■ Required action ■
Using the data below, output a verbatim copy of the lines between the one holding "PANTONE 4245 C - Hexadic Color Palette" and the one holding "Blue Lotus Chai", inclusive, without any pictures.

■ Extracted entries ■

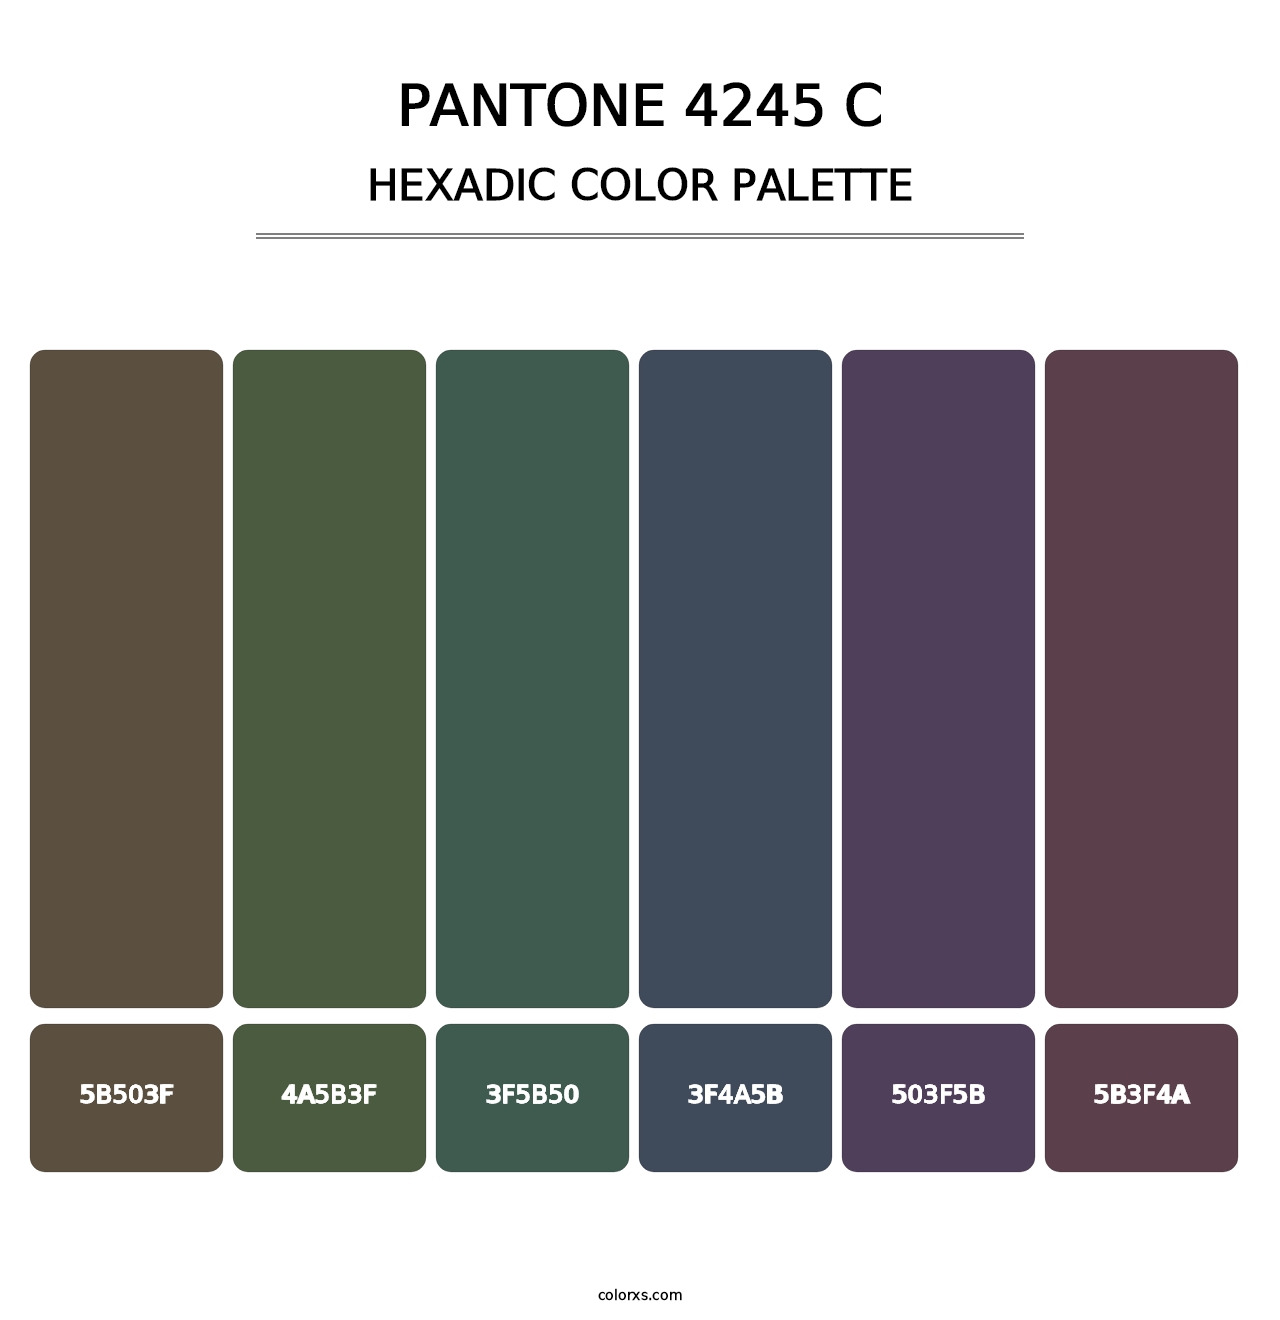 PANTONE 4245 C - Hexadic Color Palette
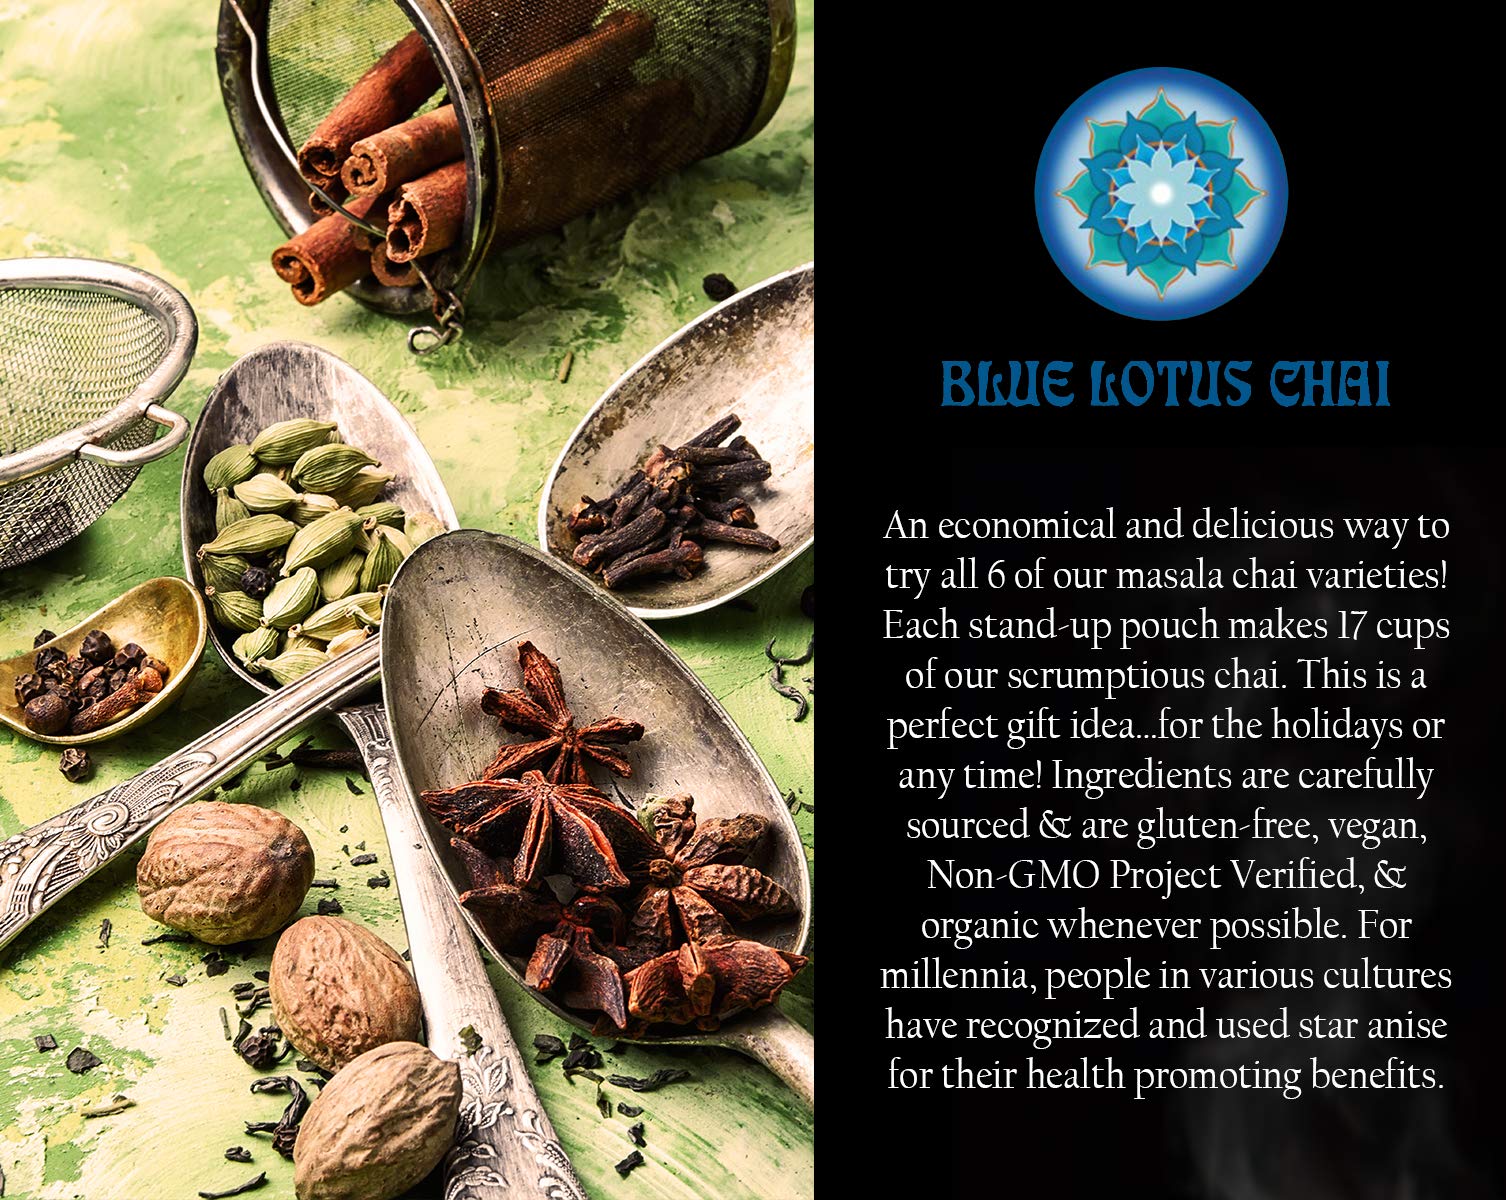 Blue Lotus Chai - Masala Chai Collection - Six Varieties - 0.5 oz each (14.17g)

* * *

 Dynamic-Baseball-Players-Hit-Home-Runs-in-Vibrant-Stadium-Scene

■ Task answer ■
 PANTONE 4245 C - Hexadic Color Palette
 Blue Lotus Chai - Masala Chai Collection - Six Varieties - 0.5 oz each (14.17g)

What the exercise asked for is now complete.